Member of the New Mexico Senate from the 2nd district
- Incumbent
- Assumed office January 2025
- Preceded by: Steven Neville

Personal details
- Born: 1966 (age 59–60) Aztec, New Mexico, U.S.
- Party: Republican
- Education: Western New Mexico University (BA)

= Steve D. Lanier =

American politician

Steve D. Lanier (born 1966) is an American politician serving as a Republican member of the New Mexico Senate for the 2nd district, which covers the north-eastern section of San Juan County, including many towns northeast of Farmington, New Mexico.

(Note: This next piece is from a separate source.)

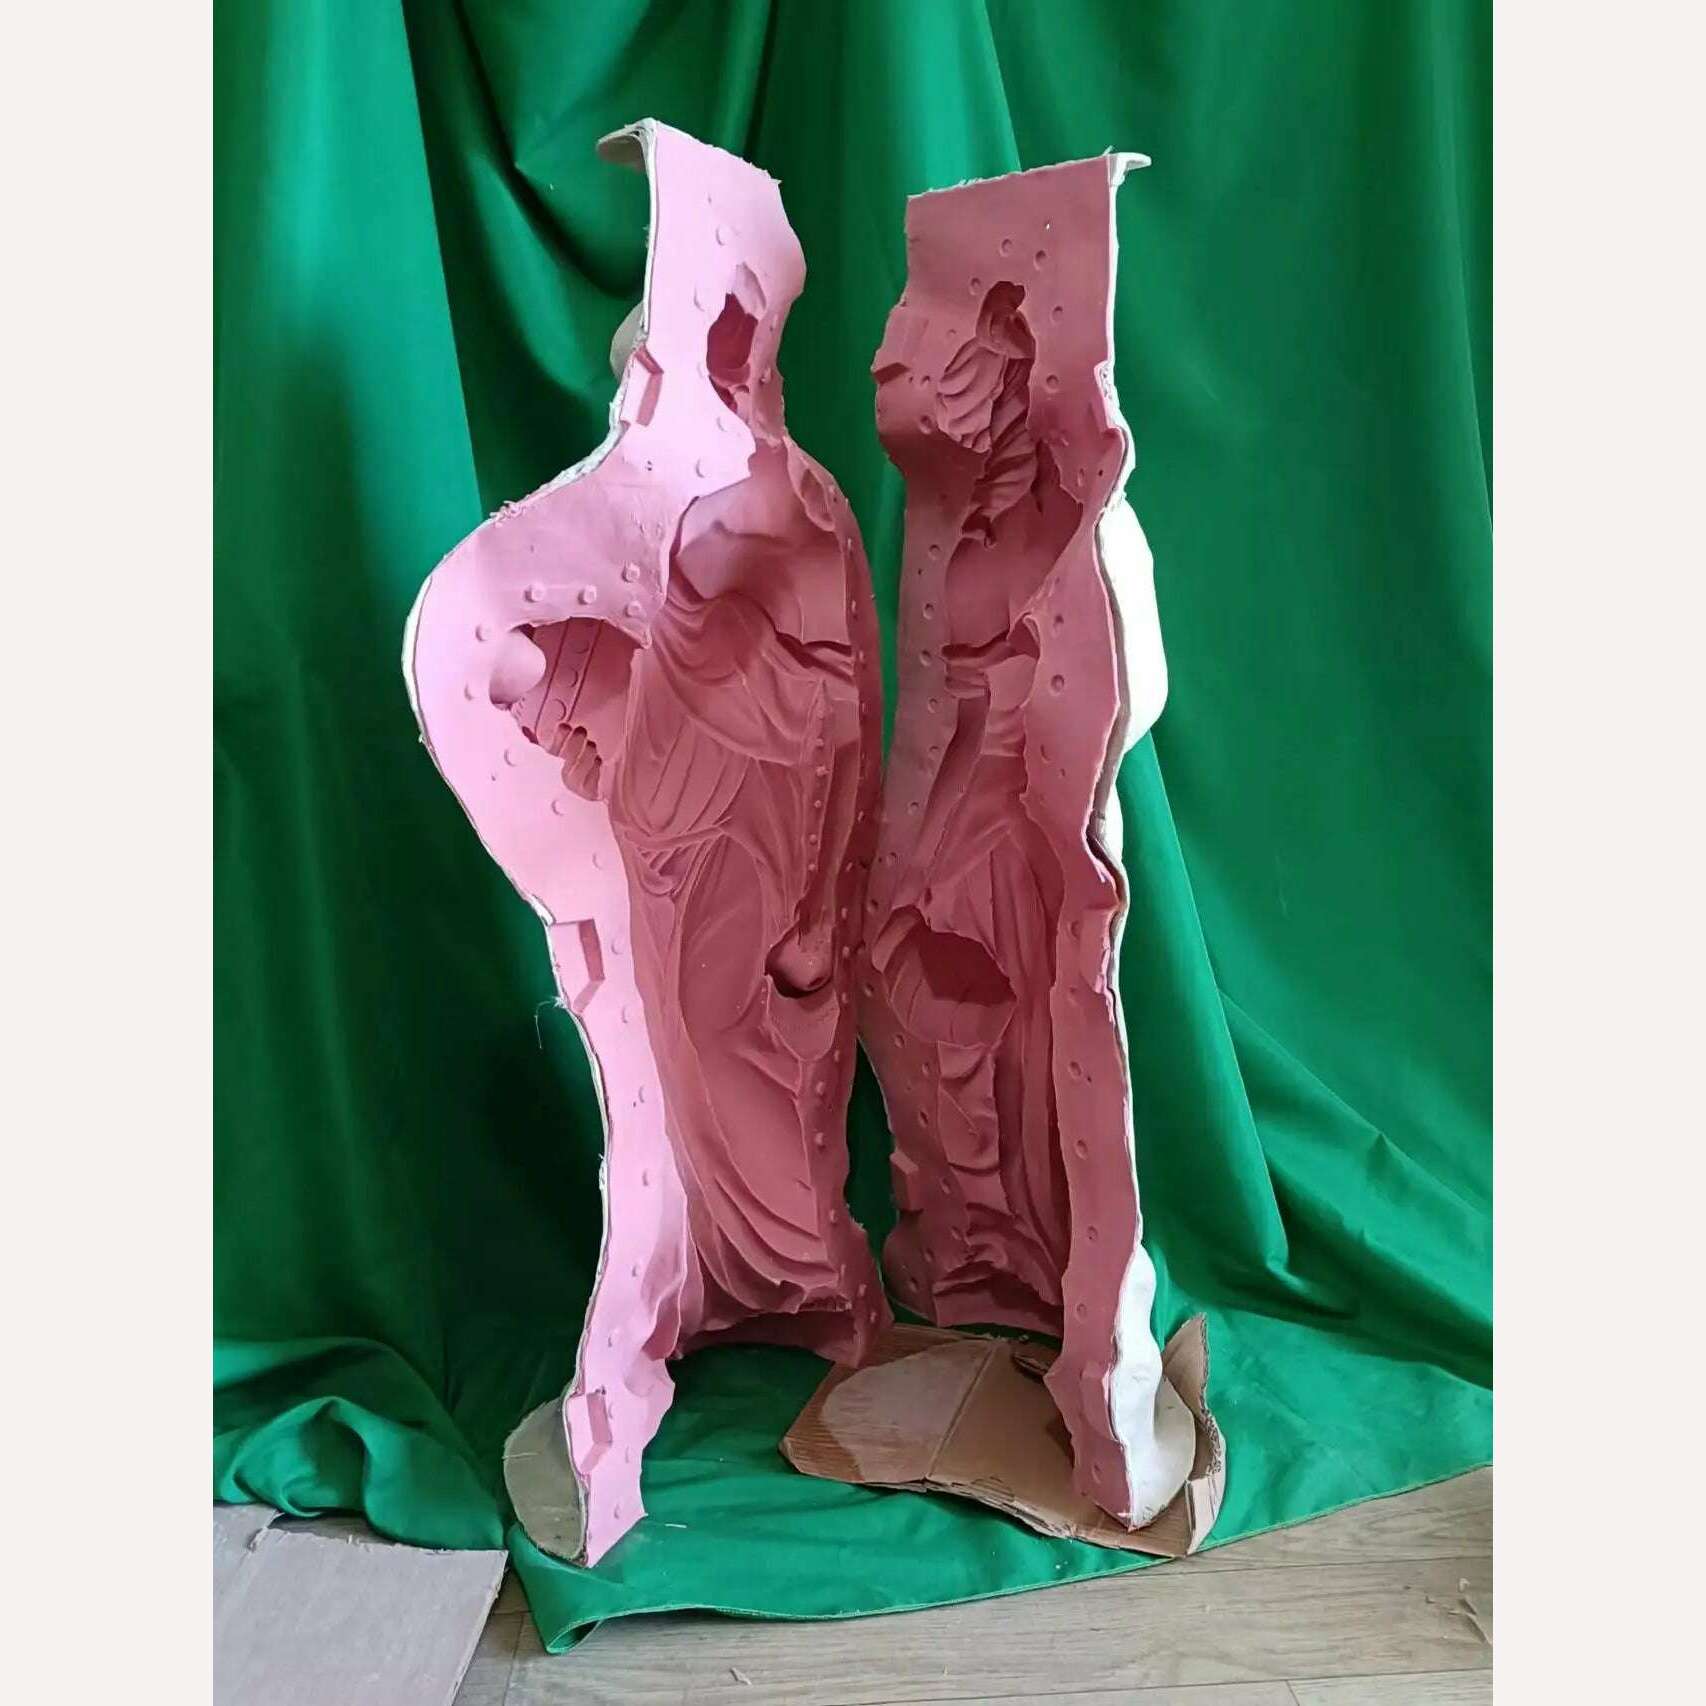 KIMLUD, Reazone Maid Sculpture Moule, KIMLUD Women's Clothes

== Early life and education ==
Born in 1966 in Aztec, New Mexico, Lanier was raised on a farm in Cedar Hill. He played football and ran track at Aztec High School. Lanier graduated from Western New Mexico University.

==Career ==
Lanier worked as a history and computer science teacher at Aztec High School for 28 years. He assumed his position at the start of the 2025 legislative session, succeeding Steven Neville.

Lanier serves on the Senate Finance committee. He has sponsored bills such as SB 18, which would make swatting a fourth degree felony in New Mexico, and HB 170, which would alter the state's current voter ID requirements. In the 2025 legislative session, Lanier was part of the 8-3 vote in the New Mexico Senate Finance Committee that tabled the Paid Family & Medical Leave Act.

Lanier announced his candidacy for governor of New Mexico on November 6, 2025, but had to withdraw from the race on March 27 of the following year due to a paperwork filing error.